• **PROVIDED MATERIAL**:
-*-

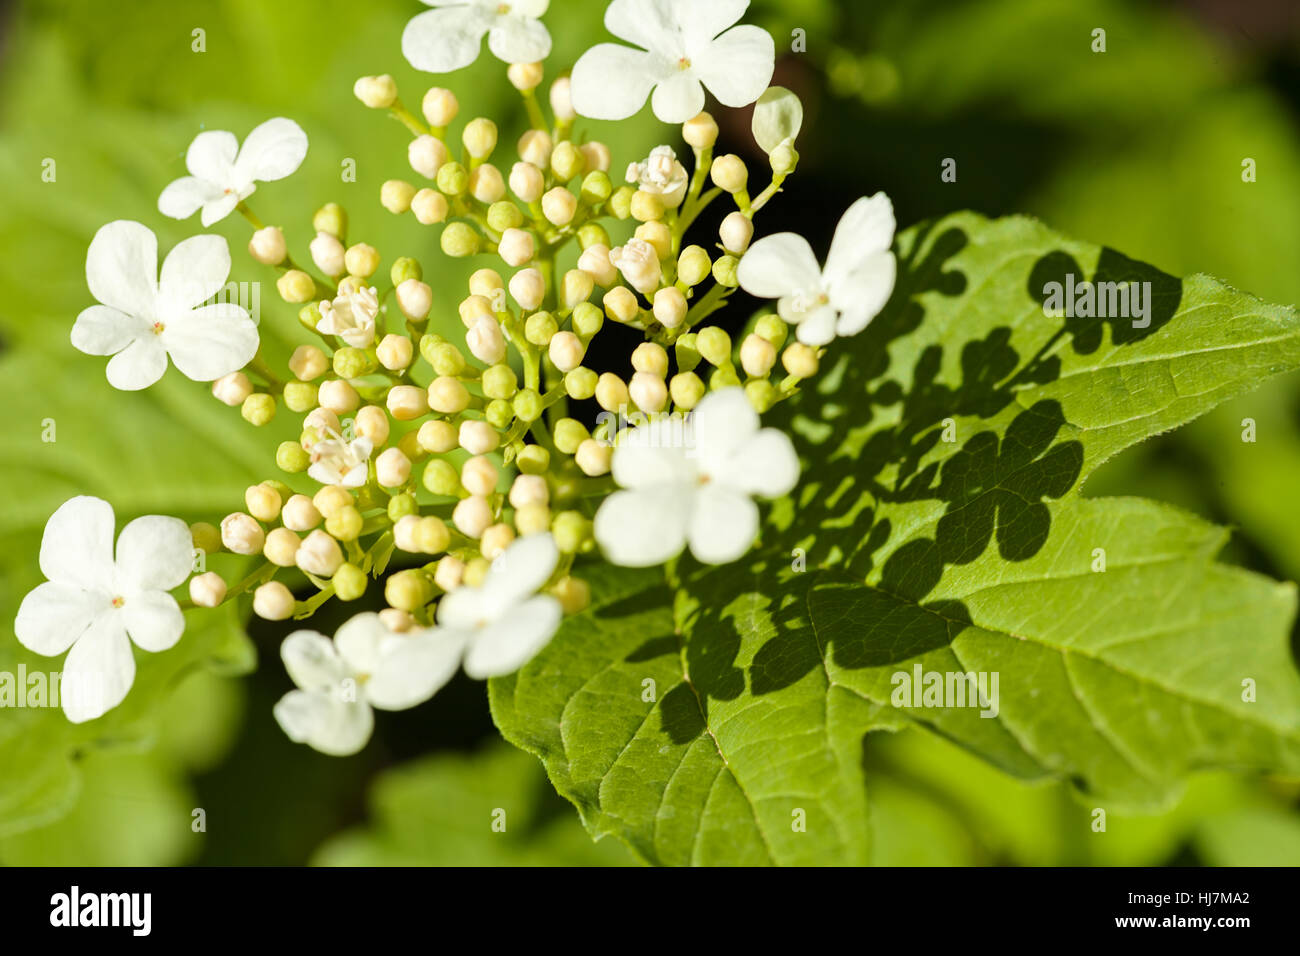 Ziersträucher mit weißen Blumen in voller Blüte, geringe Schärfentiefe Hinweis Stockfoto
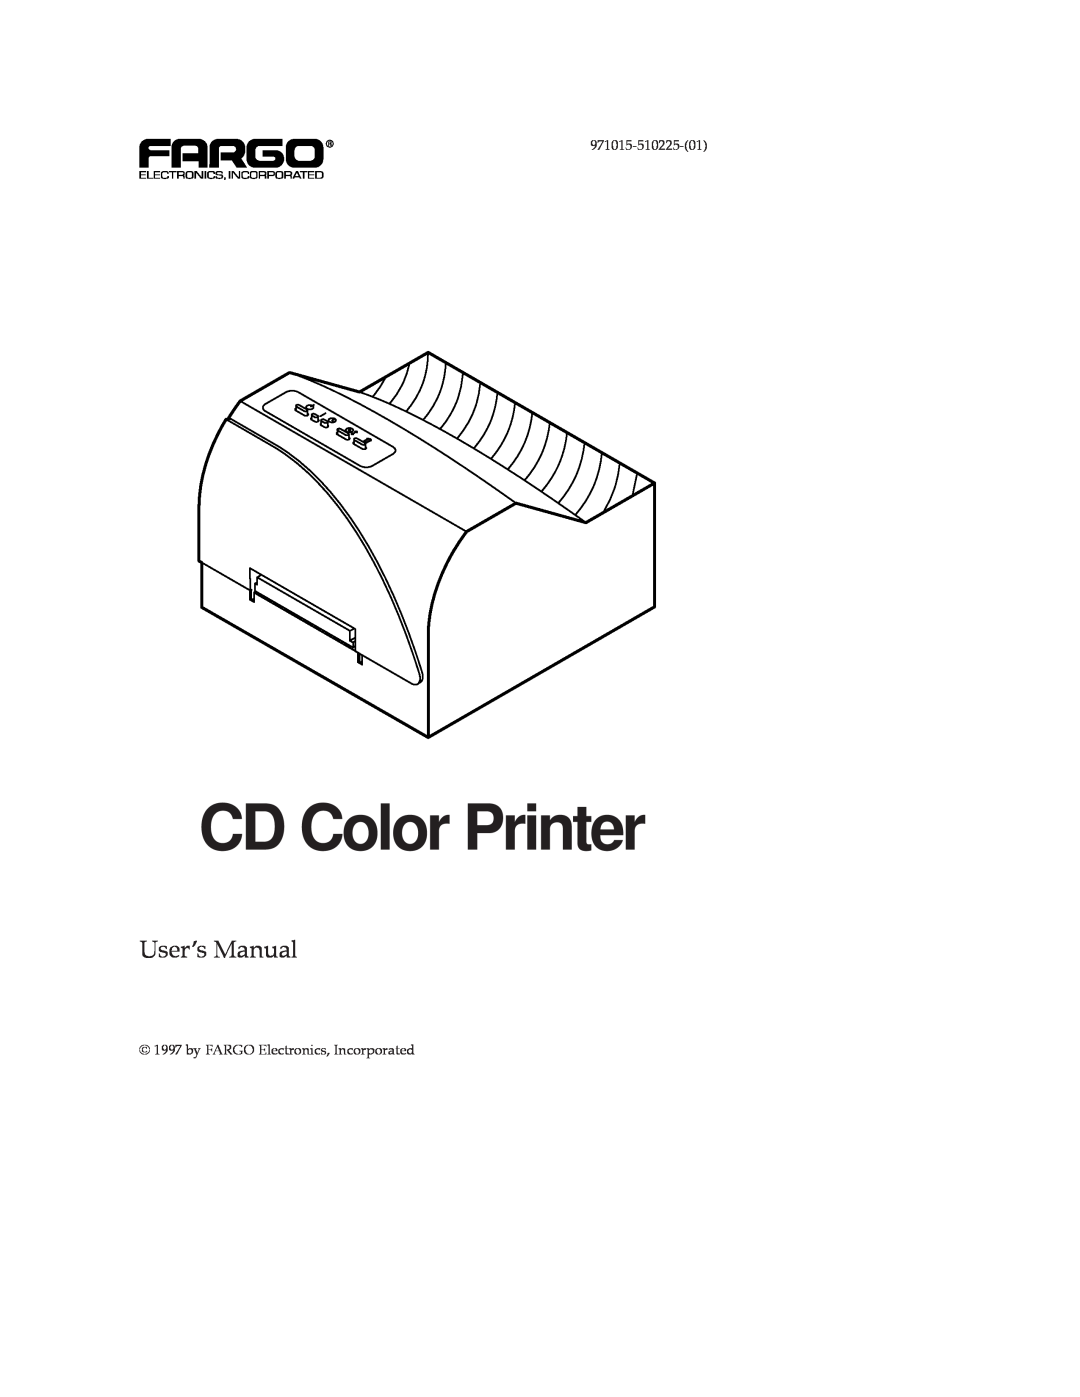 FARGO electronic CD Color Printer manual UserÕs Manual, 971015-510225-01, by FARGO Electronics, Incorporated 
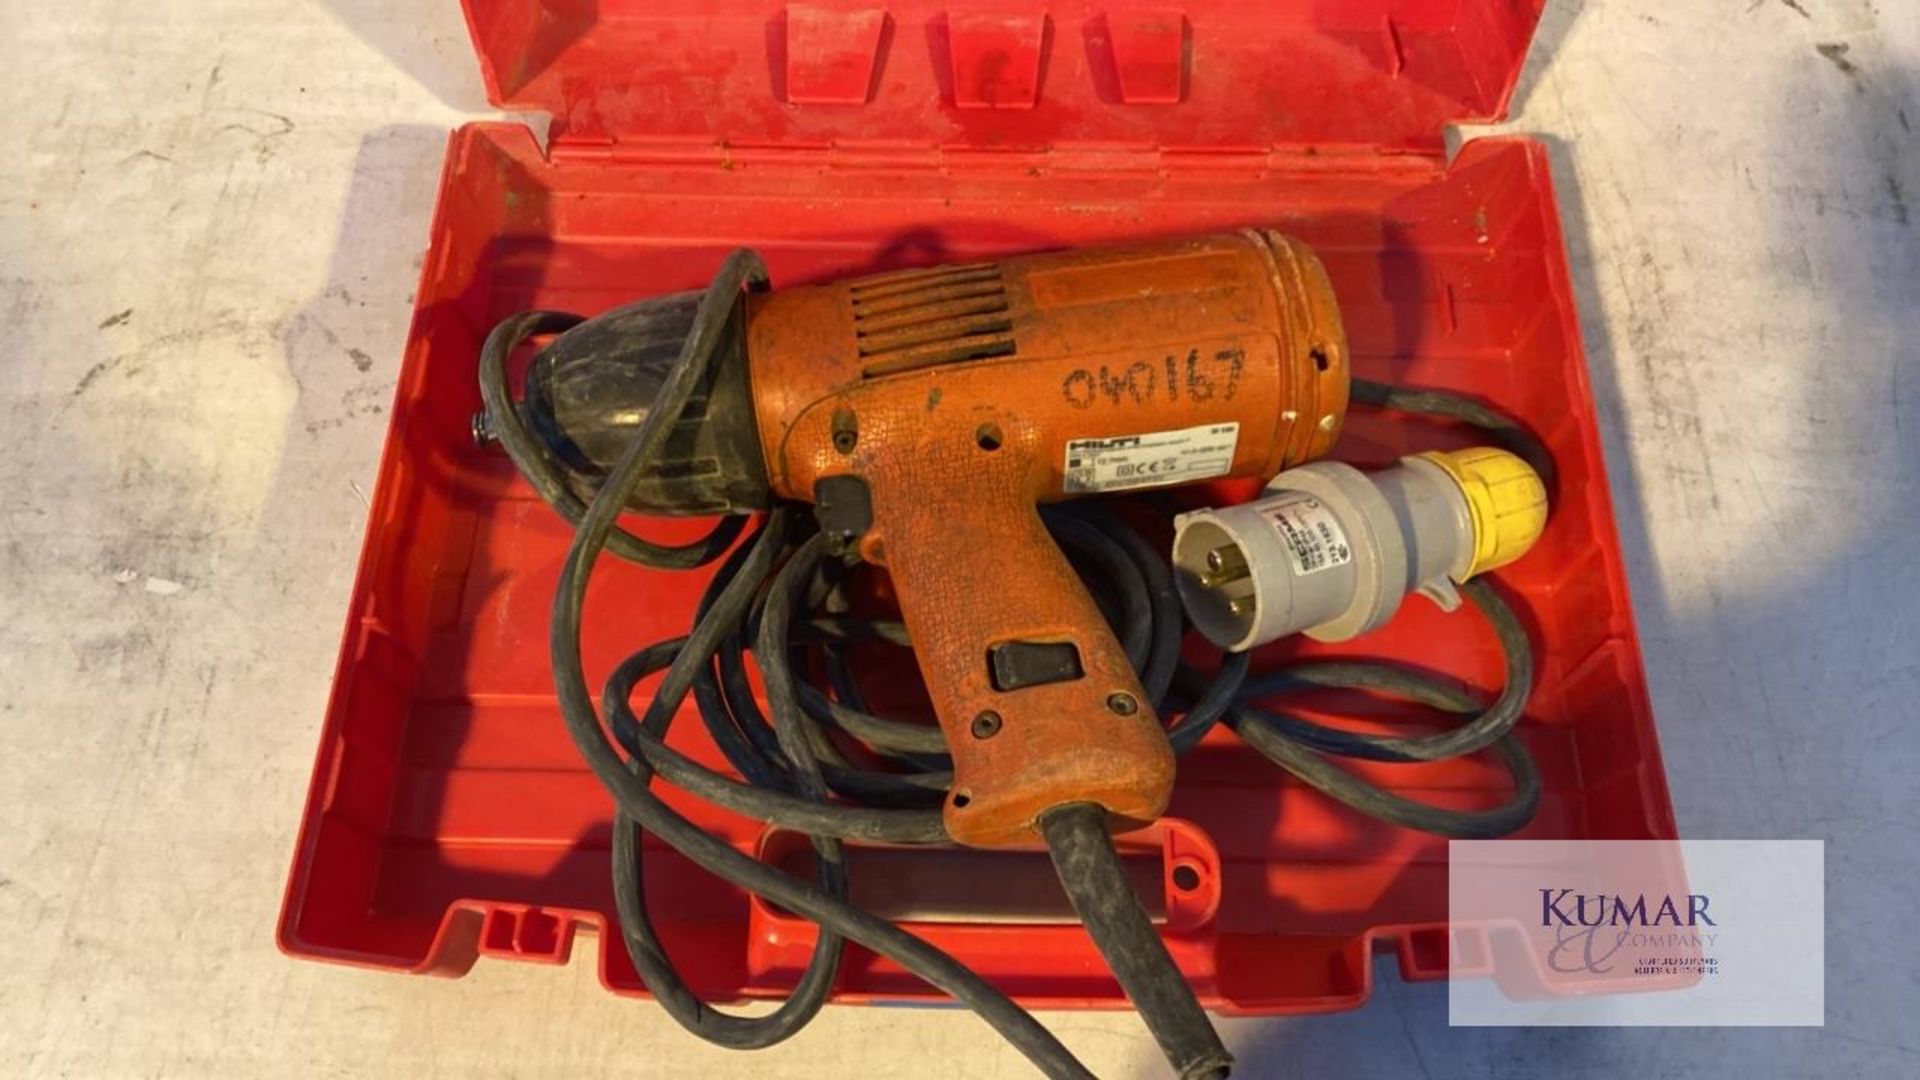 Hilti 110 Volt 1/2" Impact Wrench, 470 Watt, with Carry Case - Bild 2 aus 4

-*-

• **TASK OBJECTIVE**:
Where the line containing "FARGO electronic CD" appears above, start there and set down each line exactly through the last line of the data; leave out every picture.

• **RESPONSE BELOW**:
 FARGO electronic CD Color Printer manual UserÕs Manual, 971015-510225-01, by FARGO Electronics, Incorporated 
 Hilti 110 Volt 1/2" Impact Wrench, 470 Watt, with Carry Case - Bild 2 aus 4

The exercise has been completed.